Now that the PCI Security Standards Council’s July 1 deadline has passed for implementing newer versions of Transport Layer Security technology to protect payment data, some experts believe nearly a third of small brick-and-mortar and e-commerce merchants don’t meet the new requirements. As a result, expect merchant acquirers, processors, and networks to step up efforts to bring those merchants into compliance in the coming months.
“The focus from the card brands and the PCI [Council] is expanding to the smaller merchant and franchises” regarding PCI compliance, Michael Aminzade, vice president of global compliance and risk services for Trustwave Holdings Inc., a Chicago-based provider of data-security services and technology, tells Digital Transactions News by email. Aminzade estimates that about 30% of Internet retailers and low-volume, so-called Level 4, physical merchants aren’t using approved TLS technology yet, despite years of advance notice.
TLS is a cryptographic protocol used to protect information passing between Internet-connected systems. It’s the successor to Secure Sockets Layer technology developed in the mid-1990s. Security experts now consider SSL and the first version of TLS to be inadequate for today’s data-protection needs. In 2015, the Wakefield, Mass.-based PCI Council issued a June 2016 deadline for card-accepting merchants to migrate from those earlier systems to TLS 1.1 or higher. The Council later pushed the deadline back to July 1, 2018.

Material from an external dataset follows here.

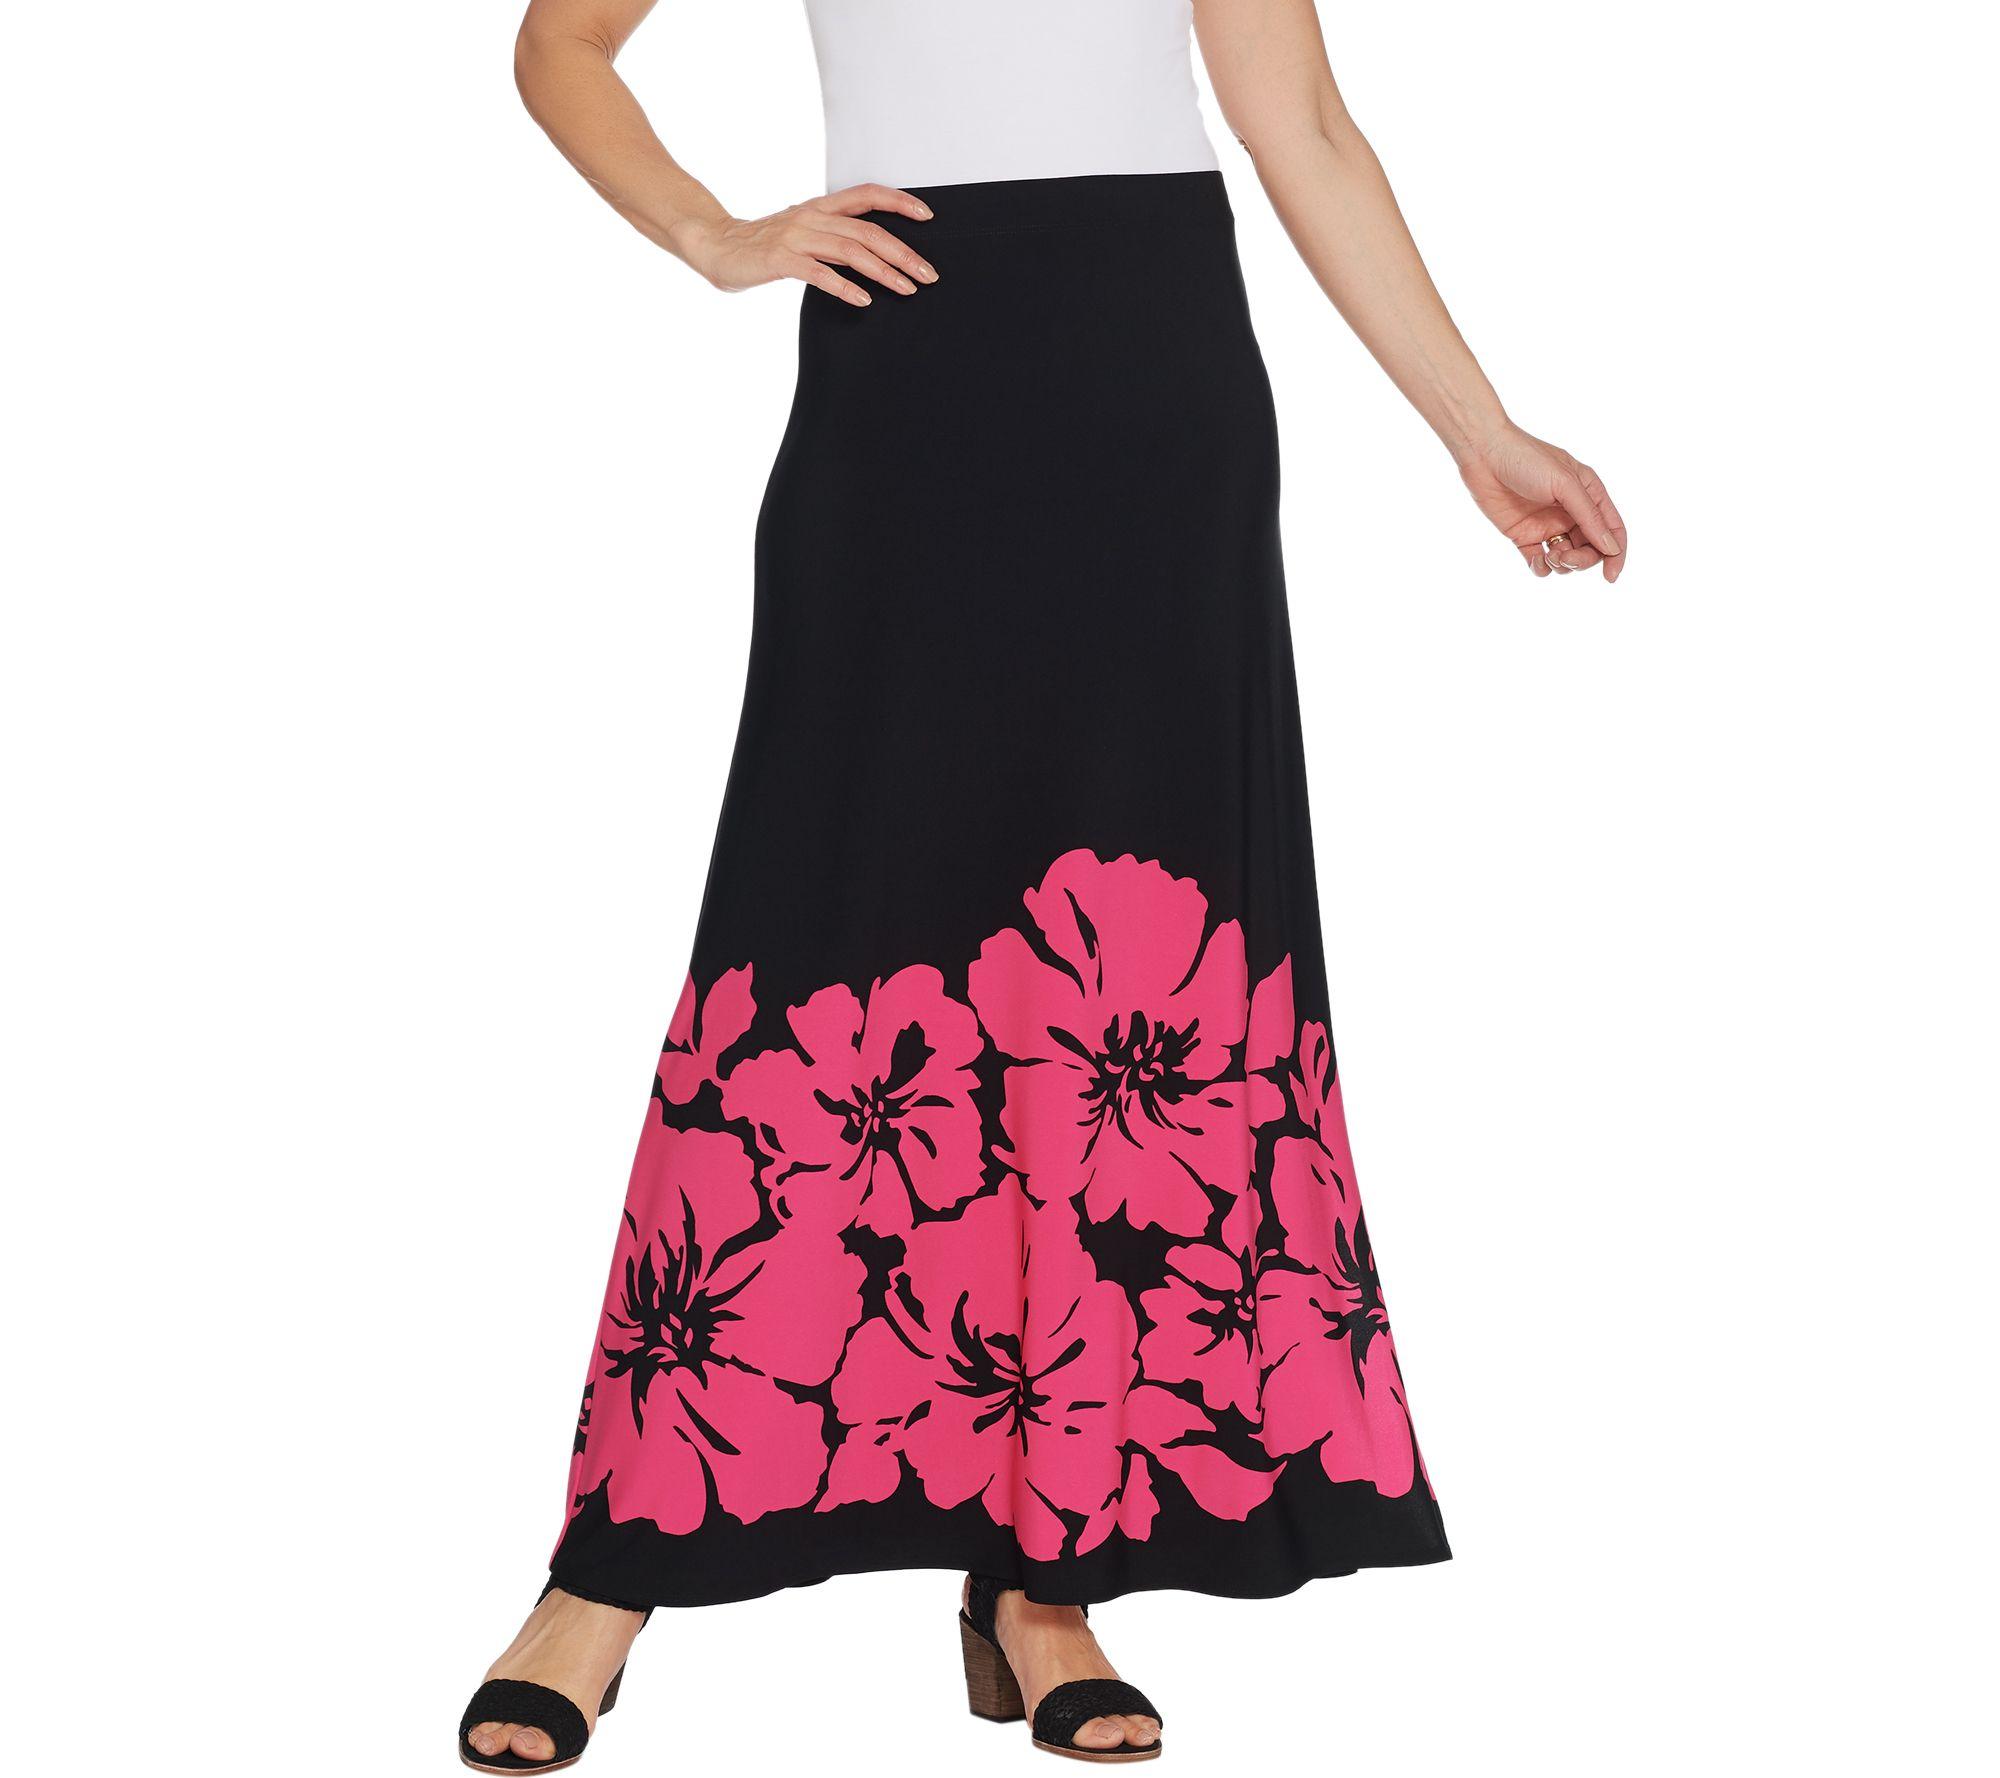 3de7615dc1 Susan Graver Printed Liquid Knit Maxi Skirt - Page 1 — QVC.com

Merchants still using SSL and the early version of TLS are extremely vulnerable to hackers, according to security experts. The two primary impediments to TLS adoption among small merchants are that they lack the financial resources to become compliant or they have not made compliance part of their business culture.
“There has been adequate time provided for evolving requirements,” says Aminzade. “The main issue is organizations still do not want to or can’t spend the money needed to be compliant and maintain compliance.”
Enforcement of the new standard is chiefly up to merchant acquirers, so whether the non-TLS-compliant merchants will continue to be allowed to accept card payments is a matter for those processors to decide. For physical merchants, one criterion that may be used to determine continued acceptance is whether the connection between a point-of-sale terminal and the processor is vulnerable to hackers.
“From an SSL/TLS connection point, as long as the connection between the terminal and the processing system is not [subject to] to the SSL/TLS vulnerabilities, then there is an exemption for terminals to continue to use the channel,” Aminzade says. “However, part of the exemption is to monitor to make sure this channel does not become vulnerable.”
That raises the issue of so-called compensating controls to fortify known weaknesses.
“If compensating controls are considered after July 1, the risk of exposing the information needs to be eliminated, for example, by encrypting data before it goes over the SSL/TLS connection or, alternatively, tunneling the SSL/TLS connection inside a VPN [virtual private network] that uses strong cryptography,” says Troy Leach, the PCI Council’s chief technology officer.
Maintaining compliance with PCI rules regarding TLS can even be a challenge for large merchants such as airlines. “In the airline industry there are dependencies on service providers that provide contracted services to airports that the airlines are forced to use,” says Aminzade. “If these service providers have issues maintaining compliance or upgrading equipment, then it is the airline (merchant) that ends up suffering non-compliance unless they look to change how they operate within the airports.”